Dale Furutani, Menaces sur le shogun

Dale Furutani, Menaces sur le shogun

Ultime aventure du ronin Matsuyama Kase dans le Japon féodal. Trouvera-t-il le repos éternel ?

Avec Menaces sur le shogun se clôt la trilogie que Dale Furutani a élaborée autour du ronin Matsuyama Kaze. Celui-ci nous avait subjugués par son humanisme et sa causticité alors qu’il partait à la recherche de la fille de sa maîtresse, vouée à la prostitution suite à la destruction de son clan par le puissant mais cruel seigneur Okubo. Ce dernier avait su choisir de s’allier à celui qui allait devenir le nouveau shogun, Tokugawa Ieyasu. Dans une Edo en reconstruction, alors que le shogun, entouré de ses conseillers, visite les futures fortifications, un tir de mousquet atteint mortellement un membre de son entourage. Le coup n’est pas passé loin. Le nom de Matsuyama Kaze circule comme celui de l’assassin. Justement le ronin se trouve en ville. Ses pérégrinations l’y ont amené pour observer la « Petite fleur », une maison de passe qui utilise des enfants et dans laquelle, il en est sûr, est emprisonnée celle qu’il recherche, Kiku-shan.

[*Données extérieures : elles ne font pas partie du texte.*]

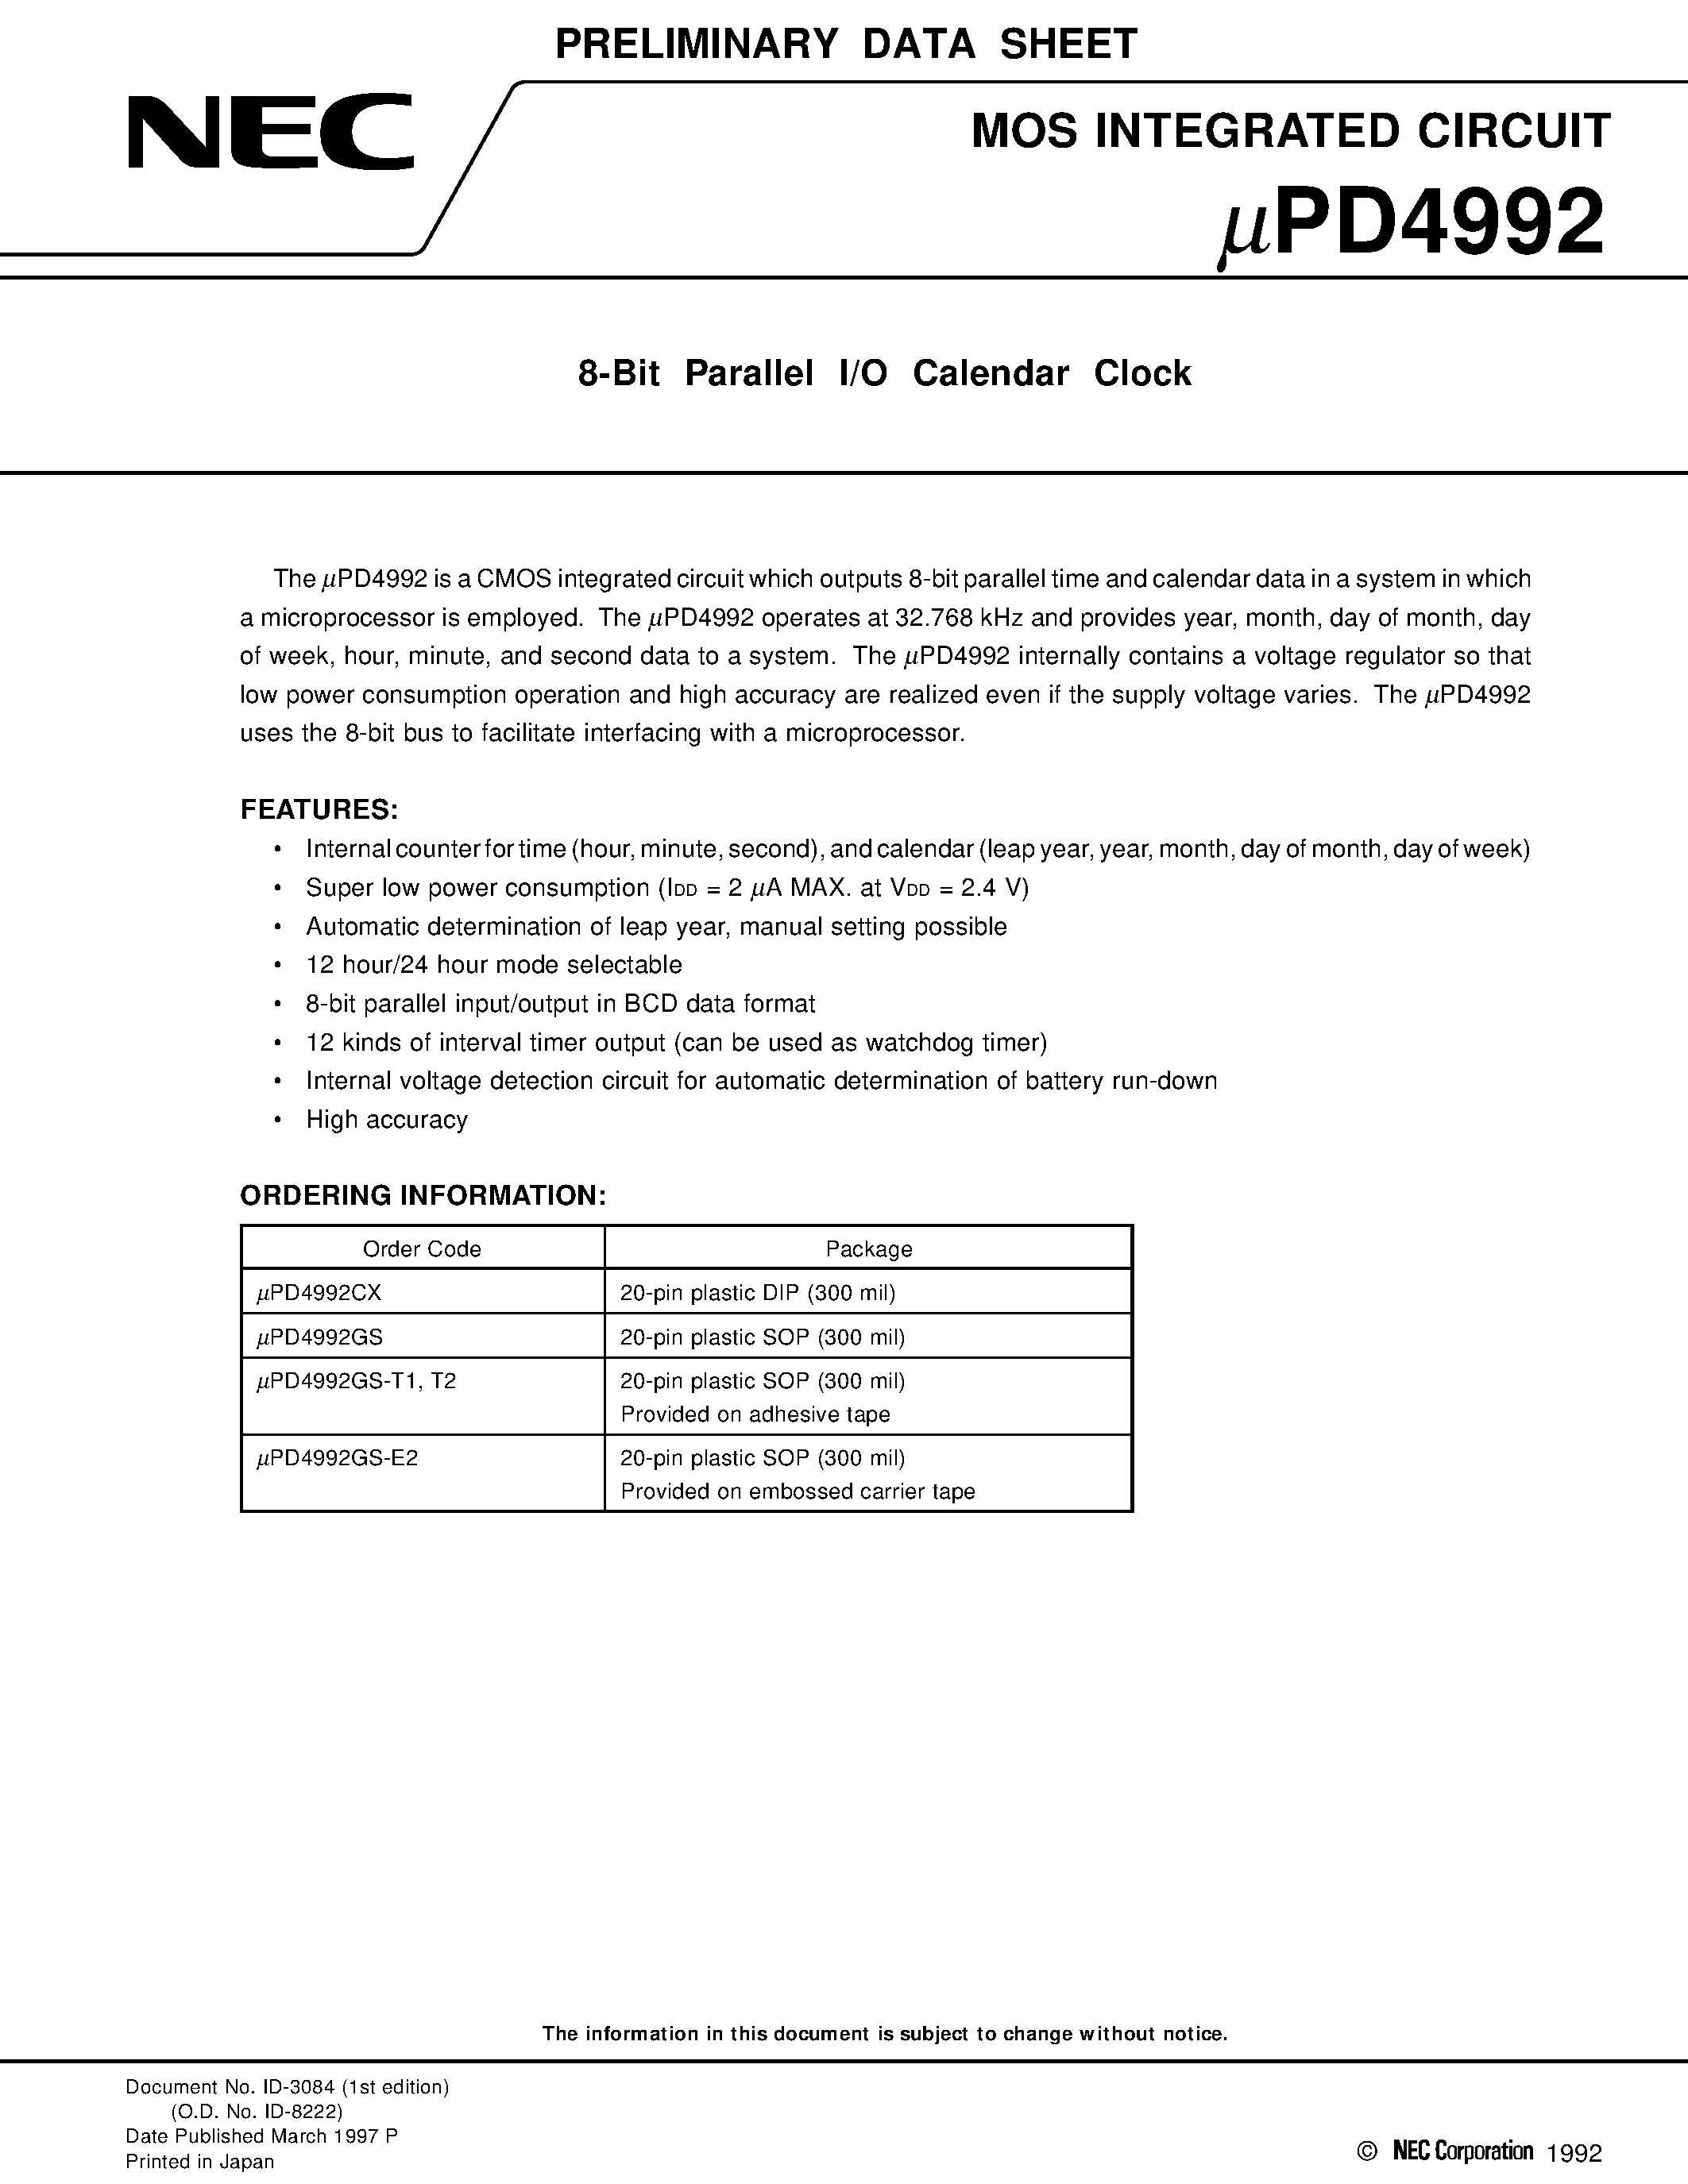 Datasheet UPD4992CX - 8-Bit Parallel I/O Calendar Clock page 1

Dans Edo, les alliés se font rares mais Kaze pourra compter sur deux idiots de paysans ainsi que sur un yoyimbo – garde du corps – imposant, le futur chef Nabu. L’étau se resserre autour du ronin. Les meurtres dont on l’accuse se multiplient. Seul le shogun semble le croire innocent. Pourtant, Matsuyama Kaze, par l’excellence de ses talents et sa loyauté indéfectible, est en tête de sa liste noire – la liste de ceux qui doivent être exécutés. Mais un véritable samouraï utilise son katana et non un vulgaire mousquet, arme apportée par ces barbares venus de l’Ouest. Et surtout, pourquoi assassiner toute la famille ainsi que les apprentis de celui qui a confectionné la seule arme capable d’abattre une cible à si longue distance ? Matsuyama, alors qu’il sent la fin de sa mission arriver, doit disparaître pour échapper aux troupes impériales qui le recherchent activement et fouillent chaque maison une par une. Il doit également accepter de se déguiser en femme et monter sur les planches d’un théâtre de plus en plus désaffecté par les visiteurs. Et surtout il doit combattre des ninjas qui ont été mandatés par un membre de l’entourage du shogun pour le tuer. Pendant ce temps, le corps de la pauvre Kiku-shan est souillé à jamais par la perversité d’odieux notables japonais.

Menaces sur le shogun, comme les autres volets de la trilogie, emmène les lecteurs dans le Japon féodal du XVIe siècle – pour leur plus grande délectation. L’intrigue est là pour tenir en haleine, même si l’accomplissement de la destinée de ce ronin atypique demuere prévisible. Le but premier est de se plonger dans les coutumes d’un pays et d’en comprendre la philosophie. Ainsi on apprend que l’art du samouraï n’est pas uniquement focalisé sur la maîtrise du maniement du katana ou du wakizachi. Un samouraï connaît aussi les arts. Tous les arts, avec une primauté accordée à la danse et à la poésie. Le samouraï méprise l’argent, les fameux kokus (le koku est une mesure de capacité valant environ 180,3 litres de riz, quantité estimée suffisante pour nourrir un paysan pendant une annnée) et se contente de cadeaux pour avoir un nouveau sabre, un nouveau kimono. Le ronin, samouraï sans maître, est dans une mauvaise position. Non seulement parce qu’il devient une espèce de hors-la-loi que tout le monde rêve de défier, mais aussi parce qu’il a été obligé d’abandonner son foyer et la femme qui le dirigeait. Dale Furutani a l’art de nous plonger dans cet univers avec un didactisme subtil ; de livre en livre notre savoir s’accroît, et parvenus à la fin du troisième volet, nous sommes parfaitement acclimatés à ce Japon féodal. Mais Menaces sur le shogun est malheureusement la fin de cette trilogie à laquelle nous nous étions si bien habitués. C’est maintenant un grand vide… Exit Matsuyama Kaze.

Enquêtes au cœur du Japon féodal :

1 –
La Promesse du samouraï
2 – Vengeance au palais de Jade
3 – Menaces sur le shogun

julien védrenne

     
 

Dale Furutani, Menaces sur le shogun (traduit par Katia Holmes), 10-18 coll. « Grands détectives » (n° 3895), avril 2006, 254 p. – 7,80 €.